For mica and other antique items you will find that the folks at  :  http://www.goodtimestove.com/   rebuild old stoves for a living and will be able to help you with mica and other items you need. If you have the time it is worth a trip to go there and see the old stoves, he has a number of them burning all the time, and discuss this stuff with him directly. If not go to the web site anyway. If you do go, Yankee Candle's home shop, etc is also there and makes for a nice side attraction as well.

Those stoves are very nice and when kept in good order will do a nice job. They will go through more wood than you might like, but can be worth it. Also, you can get an inline CAT for them to install in the pipe just above the outlet; then they burn clean too. Agree with webwidow's comments on clean out, ash pan, etc. If you don't have an ashpan with the stove, you can get a local duct work maker to bend you up one, usually pretty inexpensively: or use a metal cake pan of aprox. size, etc.
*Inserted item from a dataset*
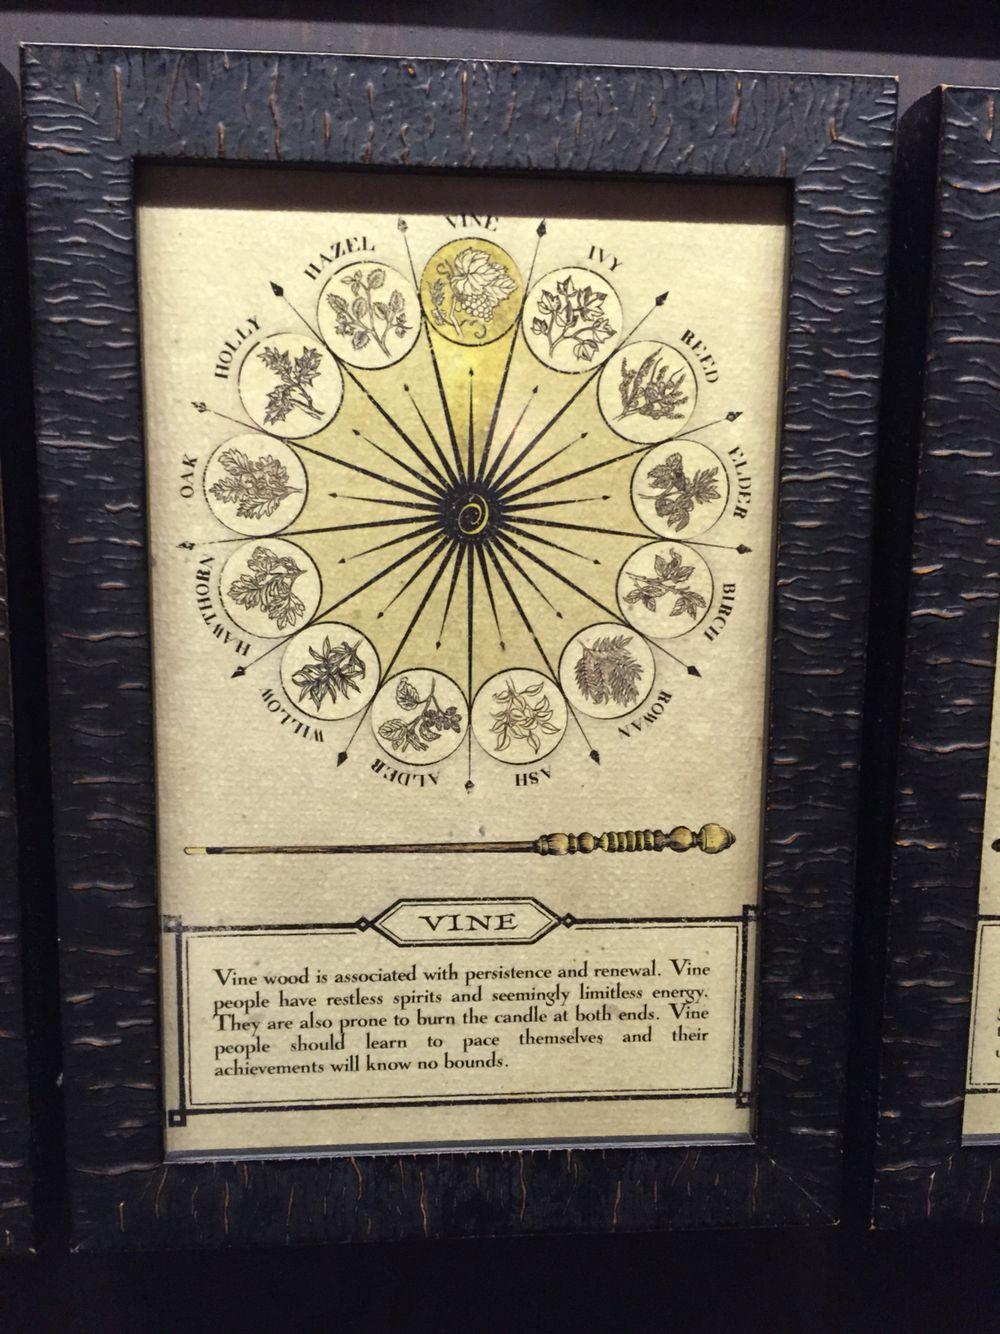 Harry Potter Vine Wand Description Harry Potter Wand Harry Potter Vines Wands

I have a number of these old stoves that I use a little and they are wonderful.


----------



## JimWalshin845 (Jan 1, 2008)

Swestall,

I thought the in-line Cats were just gimmicks and really were just creosote collectors. Do you have any links or suggestions as to good in-line Cats?


----------



## swestall (Jan 1, 2008)

Hey Jim, I don't at the moment but could do the research. I have one installed in an older stove in my shop; I've had it there for many years now. It is a round converter just like those used in many stoves, in a 6 inch pipe that is heavier guage than stove pipe. I'll get my flue temp up to around 550+ on it and close the converter, it will light off (there is a peep hole where you can see it glowing) and there isn't anything out the stack but heat. Its been very effective and the stack has only a little dust in it: so this one works. Let me go and see...........

http://www.motherearthnews.com/DIY/1983-01-01/A-Catalytic-Converter-You-Can-Build.aspx         This is an interesting article about this topic.

http://bre.umd.edu/html/151.html        And, another...

http://www.woodmanspartsplus.com/4850/Replacement-Catalytic-Combusters.html       A unit like the one I have installed.

Hope this helps all.....Steve.


----------